ROMANS: All right. Welcome back to STARTING POINT. "Minding Your Business" this morning, Dow futures up about 65 points right now. This is after yesterday's sell-off. So much volatility in stocks these days. The Dow has swung more than 100 points in six of the past seven sessions. Investors are worried about what the Federal Reserve will do at its next policy meeting. That's next week.

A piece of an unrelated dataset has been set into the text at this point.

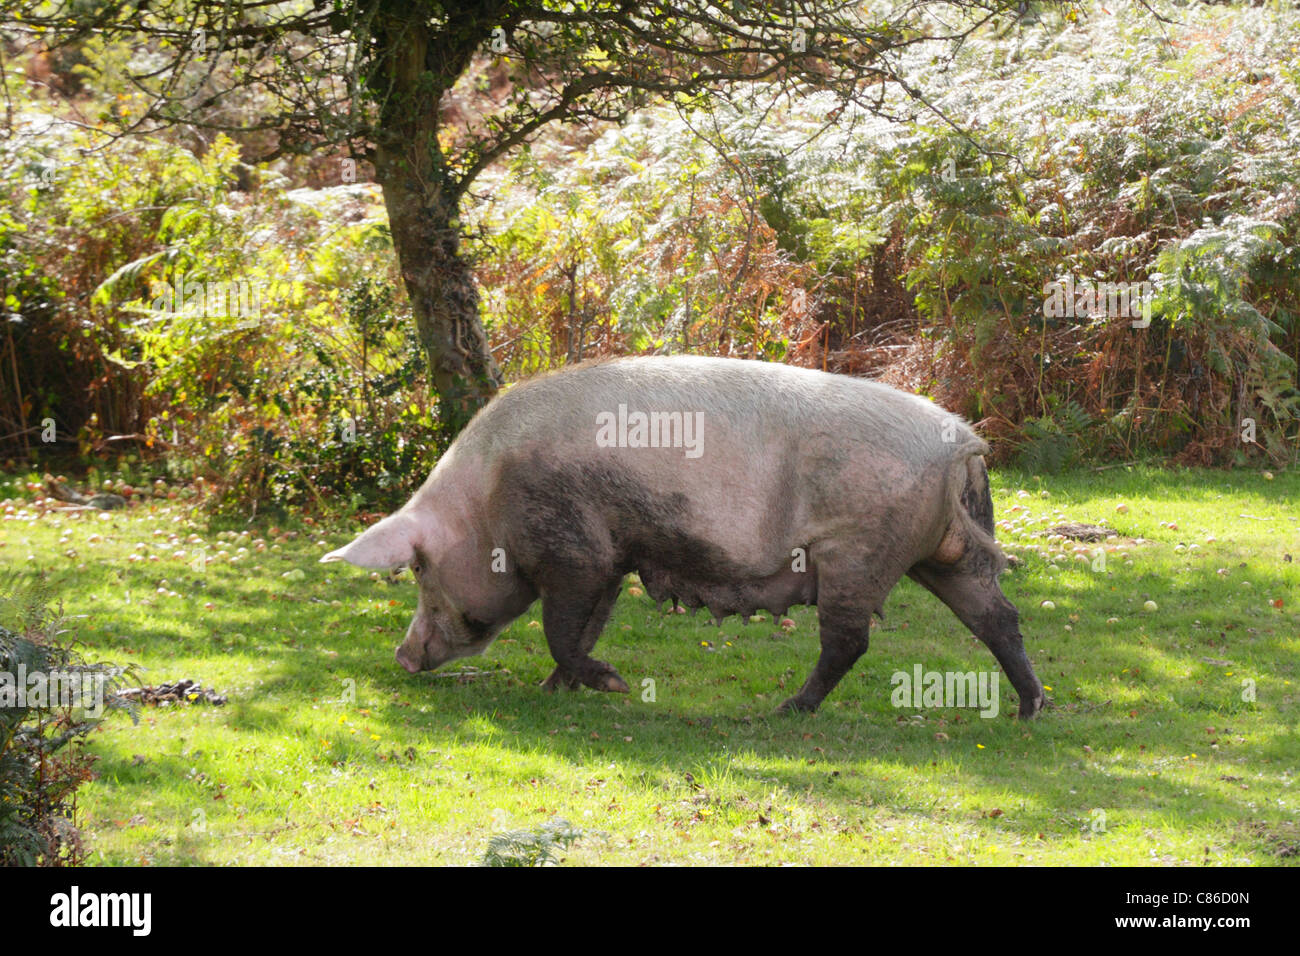 Breeding sow roaming free and foraging for acorns and fallen fruit during two months autumn pannage season in New Forest. Stock Photo

All right. The drug store chain, Walgreen's, paying $80 million to settle allegations that it let pain killers like Oxycodone get to the black market. This is the biggest settlement in the Drug Enforcement Administration's history. The DEA says a Walgreen's distribution center in Florida knowingly filled orders for prescriptions that were not for legitimate medical use. The distribution center is now banned from dispensing controlled substances until next year.

The bids are coming in for a seat at the table with one of Silicone Valley's hottest stars. Charity buzz is auctioning off lunch with Marissa Mayer, the CEO of Yahoo! The current bid, wow, this is up. It's $57,000. Two hours ago, it was only 40 something. You've got 15 days left to put your hat in the ring. The cash is going to a high poverty charter school in California.

BERMAN: It's a good cause.

ROMANS: It is a good cause.

BERMAN: Ahead on STARTING POINT, in moments, the man accused of holding three women captive in his Cleveland home is in court. We'll bring this to you live.

ROMANS: Then, she wasn't messing around --




ROMANS: Yes. That granny who fought off an intruder with her gun, next.


BERMAN: Welcome back to STARTING POINT, everyone. I'm John Berman.

ROMANS: And I'm Christine Romans. Happening any moment, Ariel Castro, the man accused of holding three women captive in his Cleveland home for 10 years, he's going to appear in that Cleveland courtroom. He's been indicted on 329 counts, including kidnapping, rape, murder. Amanda Merry, Gina De Jesus, and Michelle Knight were freed last month. They are said to be healing privately and adjusting to their new life.

BERMAN: You know, the list of things he's been charged for is simply staggering. You know, kidnapping, kidnapping, kidnapping, rape, rape, rape, 329 counts. Again, we'll bring that to you the second it happens.

Meanwhile, you're looking at right now, wildfires in Colorado continue to grow. Crews are battling five separate fires in the Rockies at this moment. Officials say 800 prison inmates were evacuated because of the threat from the Royal Gorge fire near Canyon City.